The ``real IGIMF'' (i.e. the true distribution of stellar masses at birth for a whole galaxy) can be straightforwardly estimated from the IGIMF from clustered star formation (i.e. the results given above), and the IMF from stars born in isolation. If we denote the distribution of initial masses in the field as IMF$_{\rm F}$, the IGIMF from clustered star formation (i.e. the results obtained above) as IGIMF$_{\rm C}$ and the total IGIMF (the pdf of initial masses of all stars in a galaxy) as IGIMF$_{\rm T}$, we can simply write at any given stellar mass

\begin{displaymath}
{\rm IGIMF}_{\rm T} (m_*) = f \cdot {\rm IGIMF}_{\rm C}(m_*) + (1-f)\cdot {\rm IMF}_{\rm F} (m_*) ,
\end{displaymath} (7)

where f is the fraction of the stellar mass that is born in clusters, assuming that this fraction f is independent of stellar mass and that the mass distributions in the right-hand side of the equation refer to distributions which are both well sampled. In practice, this means that the total IGIMFs will end up in between the IGIMFs described above and the underlying IMF, weighed by the fraction of clustered star formation (so lines in Figs. 3 and 4 will end up in between the horizontal line and the shown IGIMFs).

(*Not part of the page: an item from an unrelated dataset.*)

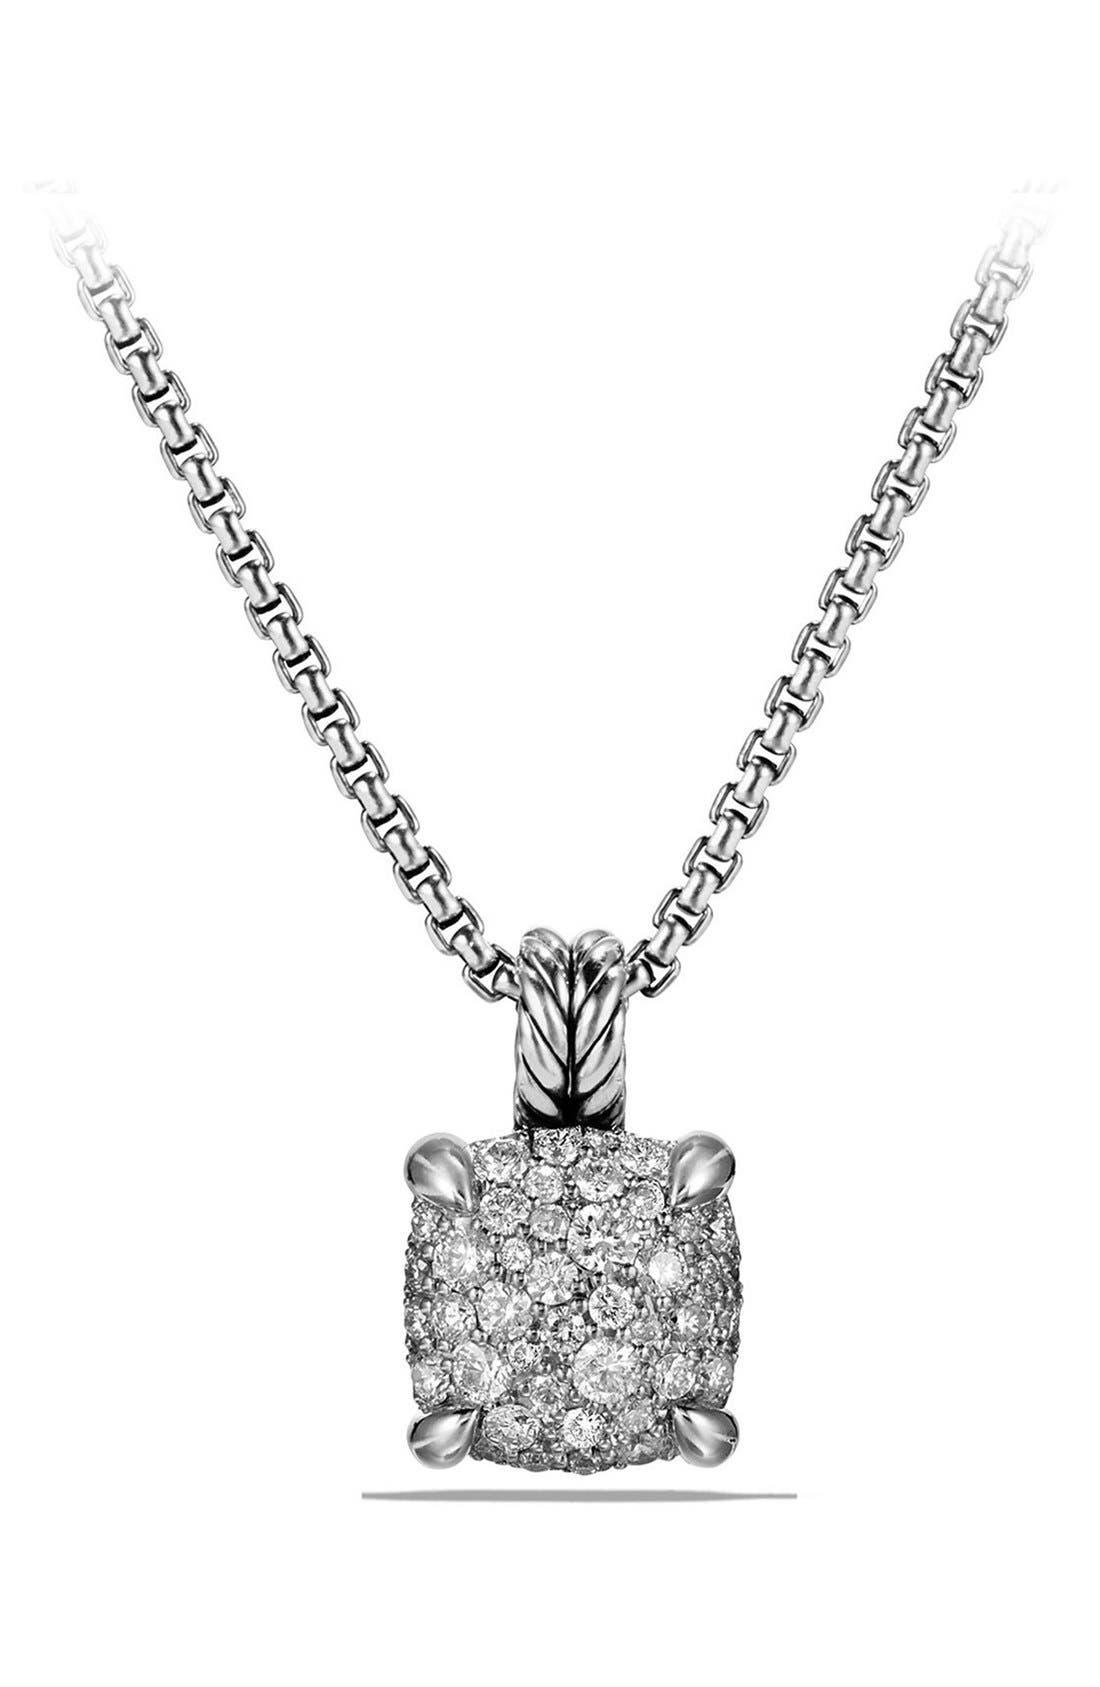 Alternate Image 1 Selected - David Yurman 'Châtelaine' Pendant Necklace with Diamonds

Note that if the second term in the right-hand side of Eq. (7) is large, IGIMF effects may well become negligible, or at least far less significant than indicated in the rest of this paper.

5 The number of O-stars in the Milky Way

One way to judge between the several IGIMFs (or judging on the importance of the IGIMF effect) would be high mass star counts by upcoming surveys like GAIA (e.g. Perryman et al. 2001).

In order to estimate how many O-stars will be observed by GAIA, we will here undertake the following exercise, in which we keep things as simple as possible. We assume that the IGIMFs described earlier are perfectly sampled (i.e. there are no sampling issues apart from those that make up the IGIMFs), that the SFR of the Milky Way has been constant for the last 10 Myr, which we will assume to be the lifetime of O-stars. Furthermore, we assume that the fraction of all O-stars in the Milky Way, observed by GAIA, is the same as the fraction of all stars together (i.e. $\sim$10%). This last number is very uncertain. O-stars are very bright and would therefore be visible to larger distances (the GAIA survey will be magnitude limited). If, however, all O-stars form in the disc, the extinction towards them will be typically higher than for stars above and below the disk. A fraction of the O-stars may be runaway stars, launched by multiple body interactions in young star clusters, which can bring them from the disk into less dusty regions (O-stars formed in isolation will typically not get far out of the disk, as with a random velocity of a few times 10 km s-1, they will not get much further than a few parsecs away from the disc plane they were formed in). The observed number of O-stars is then given by

\begin{displaymath}
N_{\rm O} = A_{\rm IGIMF} ~ \Big(\frac{\it SFR}{1~M_{\odot}/...
...lta t}{10~{\rm Myr}}\Big) ~ \Big(\frac{f_{\rm obs}}{0.1}\Big),
\end{displaymath} (8)

in which the SFR is that of the Milky Way, averaged over $\Delta t$, which is the lifetime of O-stars, and $f_{\rm obs}$ is the fraction of O-stars in the Milky Way that will be observed. $A_{\rm IGIMF}$ is the number of O-stars under the given assumptions, calculated by dividing the total mass formed by the average stellar mass of the IGIMF, multiplied with the fraction of all stars that are more massive than 17 $M_{\odot }$, in which all the IGIMF information is absorbed. In Table 1 we give the factor $A_{\rm IGIMF}$ for the Salpeter IMF and all our IGIMFs with underlying Salpeter IMF in the second column. We rounded the numbers off to multiples of ten.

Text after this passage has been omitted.